Essa configuração seria uma forma de melhorar a qualidade e otimizar recursos num cenário em que muitas escolas carecem de infraestrutura e equipamentos adequados. “Até hoje nós não conseguimos equipar todas as escolas com bons laboratórios, porque isso custa muito caro”, reconhece.
Já nas cidades pequenas, há, de fato, o risco de que os estudantes tenham suas opções limitadas. Ainda assim, defende o representante do Consed, seria possível construir um sistema melhor do que o atual. “O estudante tem o direito de abdicar de estudar números complexos de matemática, para ter mais aulas de história. Esses arranjos são possíveis. Alguma opção é melhor do que nenhuma”, defende.

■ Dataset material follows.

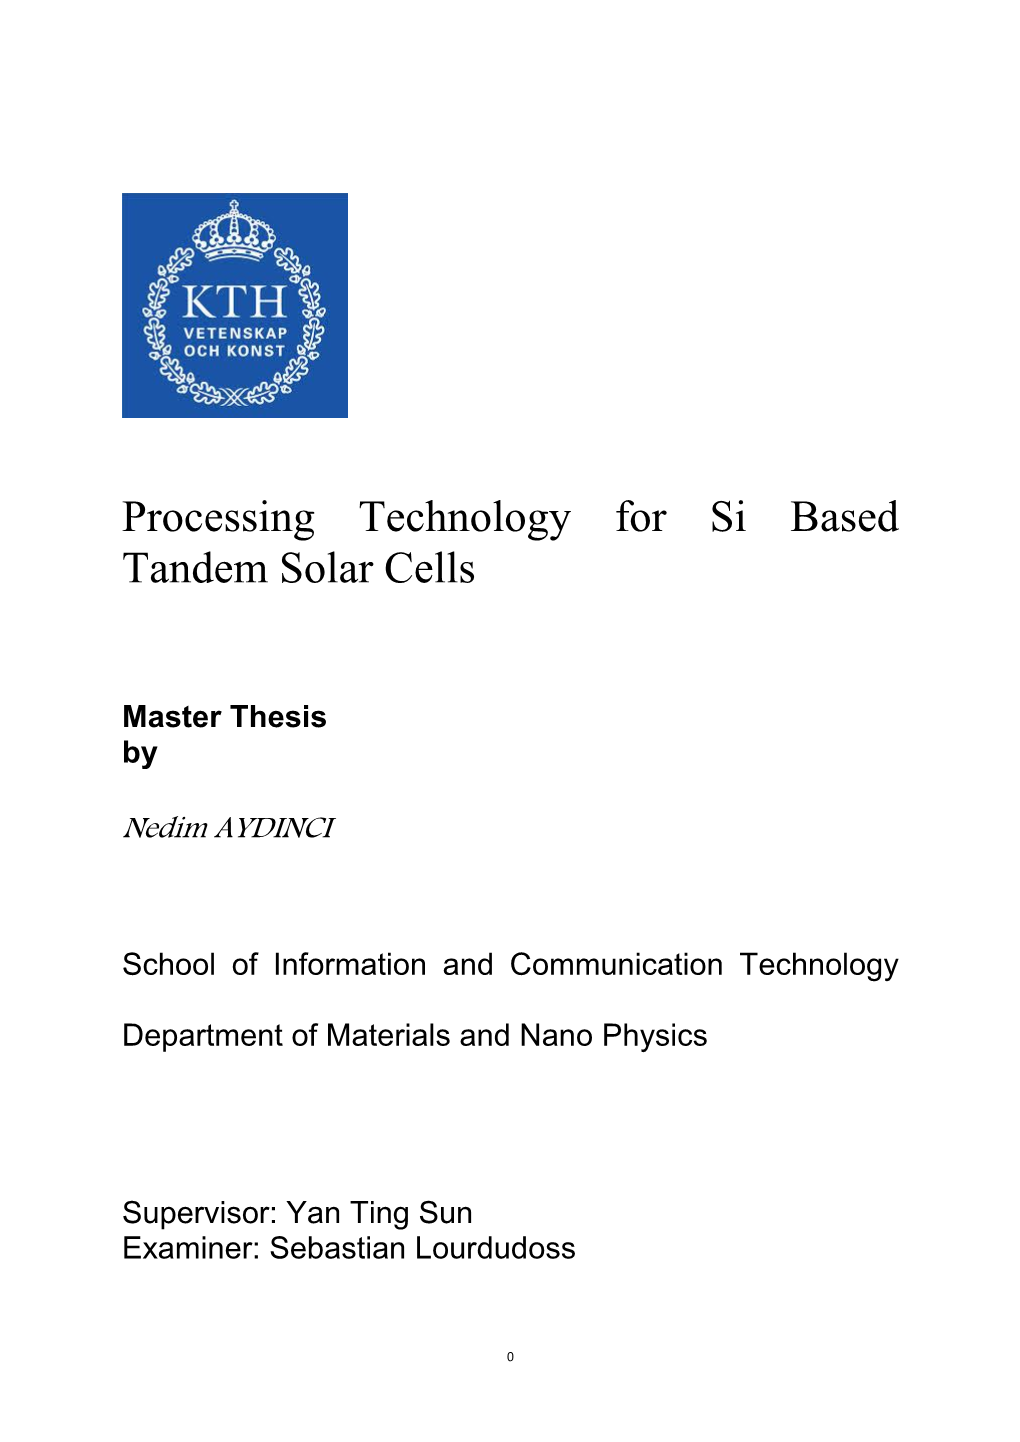 Processing Technology for Si Based Tandem Solar Cells

O professor da Universidade Federal Fluminense Paulo Carrano enxerga na proposta o risco de ampliar a desigualdade entre escolas de uma mesma rede de ensino, além de não oferecer opções reais aos estudantes. “Na verdade, da maneira como está feito, não são os jovens que escolherão os itinerários. Os estados é que vão oferecer dentro das suas conveniências e capacidades e os estudantes terão de se adequar”, afirma Carrano, que também é coordenador do Observatório Jovem da UFF.
Além disso, ele acredita que, dentro de um sistema, apenas algumas escolas terão condição de oferecer um amplo leque de opções. “No lugar de transformar o ensino médio de fato, o governo construiu um arranjo político-institucional para consolidar a desigualdade que já existe. Tanto a desigualdade dentro das redes, como a desigualdade de acesso ao conhecimento”, prevê o professor, lembrando que as escolas mais bem estruturadas tendem a atrair os melhores alunos.